Jane bit her lip in anger, not at the Director but at Mark. Why should he and his affairs with the Feverstone man intrude themselves at such a moment as this?

“I must do what I think right, mustn’t I?” she said softly. “I mean-if Mark-if my husband-is on the wrong side, I can’t let that make any difference to what I do. Can I?”

“You are thinking about what is right?” said the Director. Jane started, and flushed. She had not, she realised, been thinking about that.

“Of course,” said the Director, “things might come to such a point that you would be justified in coming here, even wholly against his will, even secretly. It depends on how close the danger is-the danger to us all, and to you personally.”

“I thought the danger was right on top of us now, from the way Mrs. Denniston talked.”

“That is just the question,” said the Director, with a smile. “I am not allowed to be too prudent. I am not allowed to use desperate remedies until desperate diseases are really apparent. Otherwise we become just like our enemies-breaking all the rules whenever we imagine that it might possibly do some vague good to humanity in the remote future.”

“But will it do anyone any harm if I come here?” asked Jane.

He did not directly answer this. Presently he spoke again.

“It looks as if you will have to go back; at least for the present. You will, no doubt, be seeing your husband again fairly soon. I think you must make at least one effort to detach him from the N.I.C.E.”

“But how can I, sir?” said Jane. “What have I to say to him. He’d think it all nonsense. He wouldn’t believe all that about an attack on the human race.” As soon as she had said it she wondered, “Did that sound cunning?” then, more disconcertingly, “Was it cunning?”

“No,” said the Director. “And you must not tell him. You must not mention me nor the company at all. We have put our lives in your hands. You must simply ask him to leave Belbury. You must put it on your own wishes. You are his wife.”

“Mark never takes any notice of what I say,” answered Jane. She and Mark each thought that of the other.

“Perhaps,” said the Director, “you have never asked anything as you will be able to ask this.
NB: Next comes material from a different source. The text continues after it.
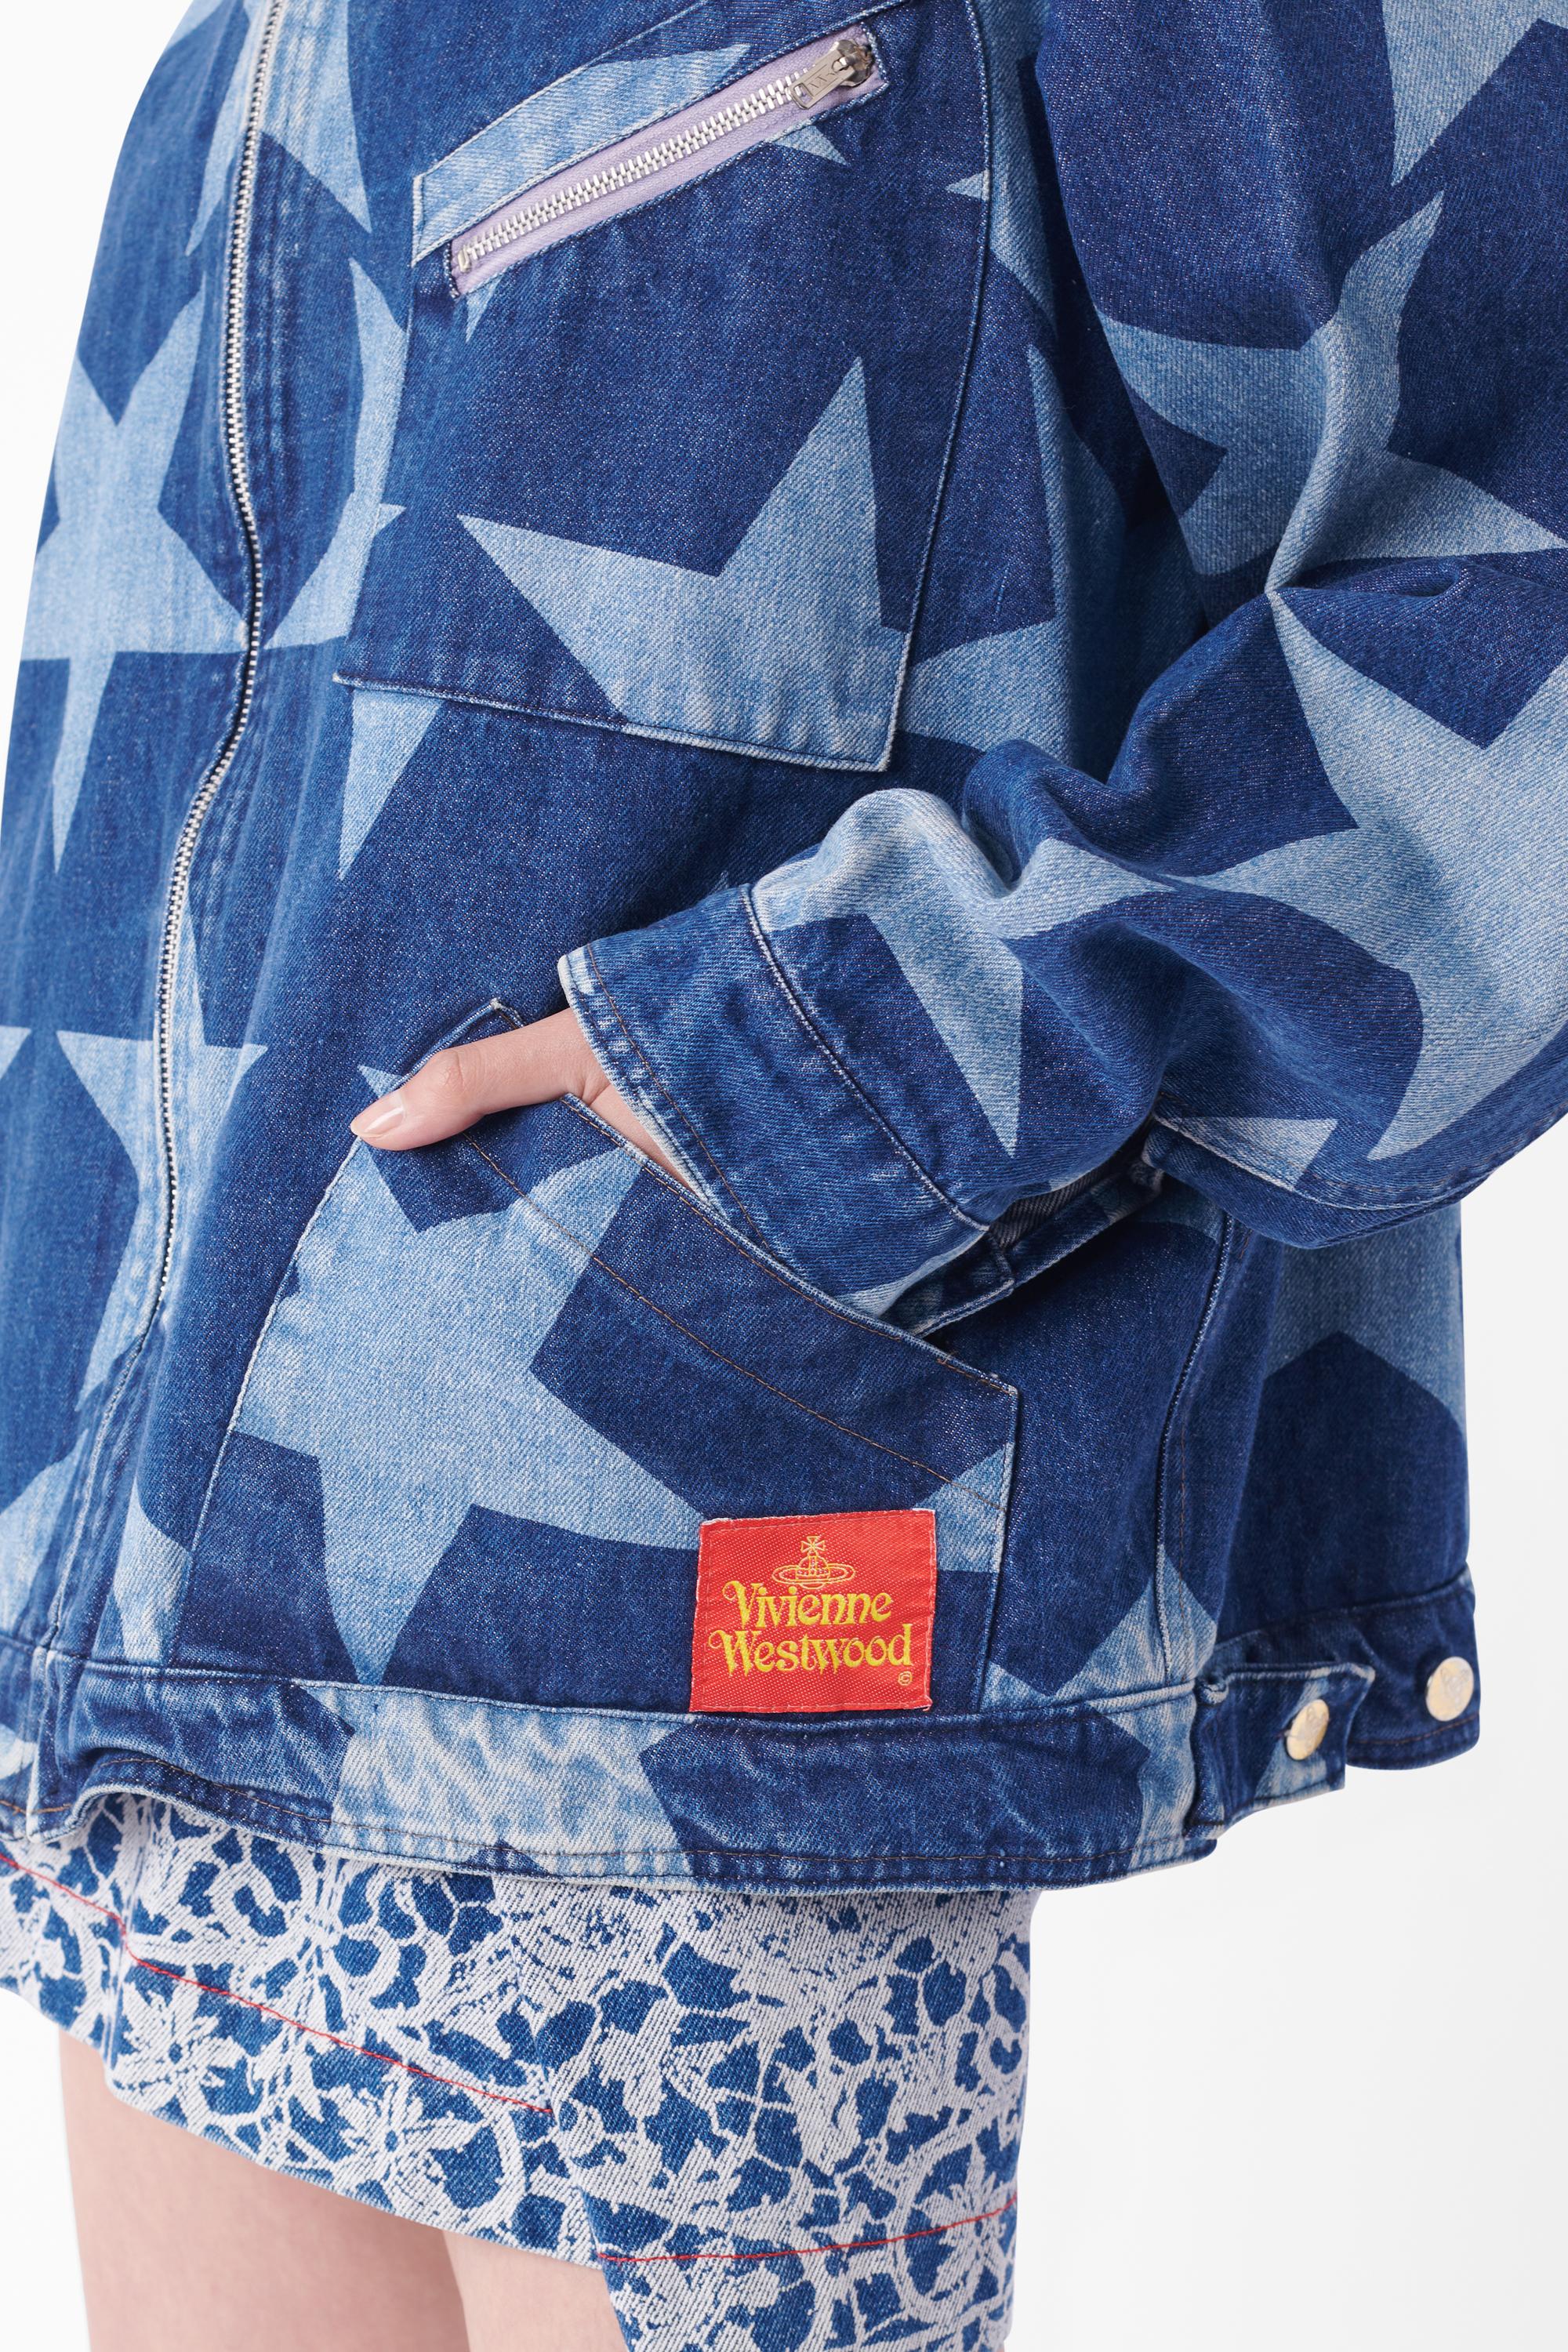 Vintage S/S 1985/86 Runway Mini Crini Star Denim Jacket In Excellent Condition For Sale In London, GB
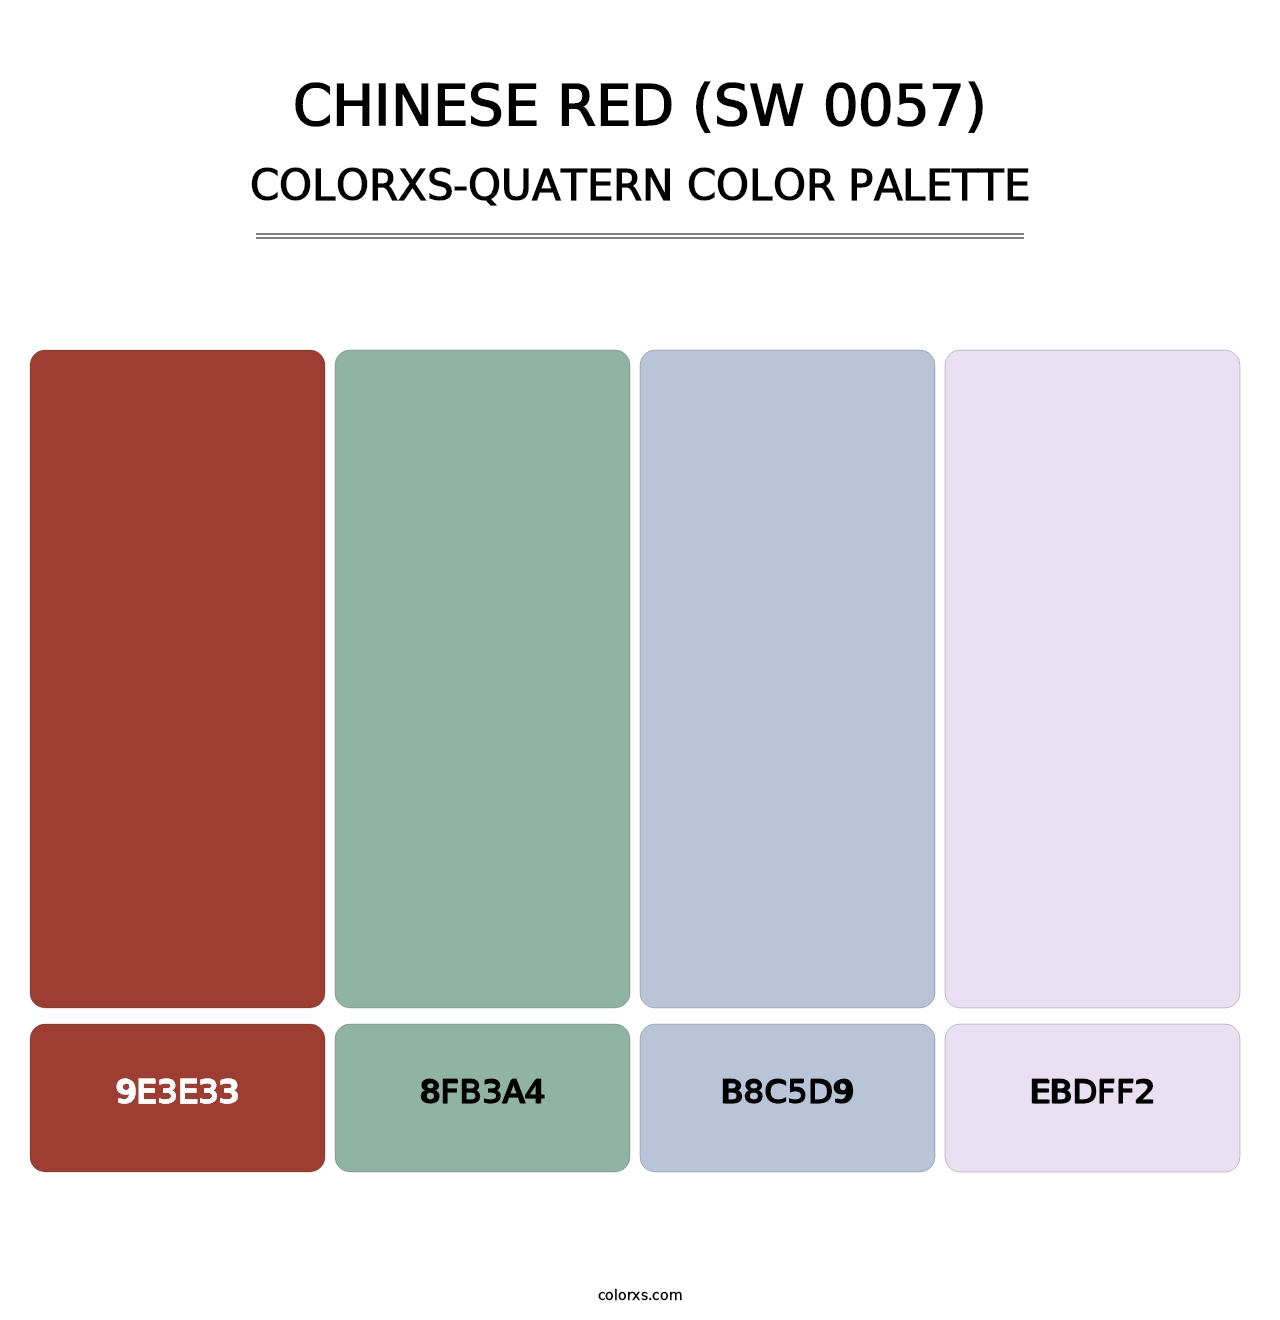 Chinese Red (SW 0057) - Colorxs Quatern Palette

Do you not want to save him as well as yourself?”

Jane ignored this question. Now that the threat of expulsion from the house was imminent, she felt a kind of desperation. Heedless of that inner commentator who had more than once during this conversation shown her her own words and wishes in such a novel light, she began speaking rapidly.

“Don’t send me back,” she said. “I am all alone at home, with terrible dreams. It isn’t as if Mark and I saw much of one another at the best of times. I am so unhappy. He won’t care whether I come here or not. He’d only laugh at it all if he knew. Is it fair that my whole life should be spoiled just because he’s got mixed up with some horrible people? You don’t think a woman is to have no life of her own just because she’s married?”

“Are you unhappy now?” said the Director. A dozen affirmatives died on Jane’s lips as she looked up in answer to his question. Then suddenly, in a kind of deep calm, like the stillness at the centre of a whirlpool, she saw the truth, and ceased at last to think how her words might make him think of her, and answered, “No.”

“But,” she added after a short pause, “it will be worse now, if I go back.”

“Will it?”

“I don’t know. No. I suppose not.” And for a little time Jane was hardly conscious of anything but peace and well-being, the comfort of her own body in the chair where she sat, and a sort of clear beauty in the colours and proportions of the room. But soon she began thinking to herself, “This is the end. In a moment he will send for the Ironwood woman to take you away.” It seemed to her that her fate depended on what she said in the next minute.

“But is it really necessary?” she began. “I don’t think I look on marriage quite as you do. It seems to me extraordinary that everything should hang on what Mark says . . . about something he doesn’t understand.”

“Child,” said the Director, “it is not a question of how you or I look on marriage but how my Masters look on it.”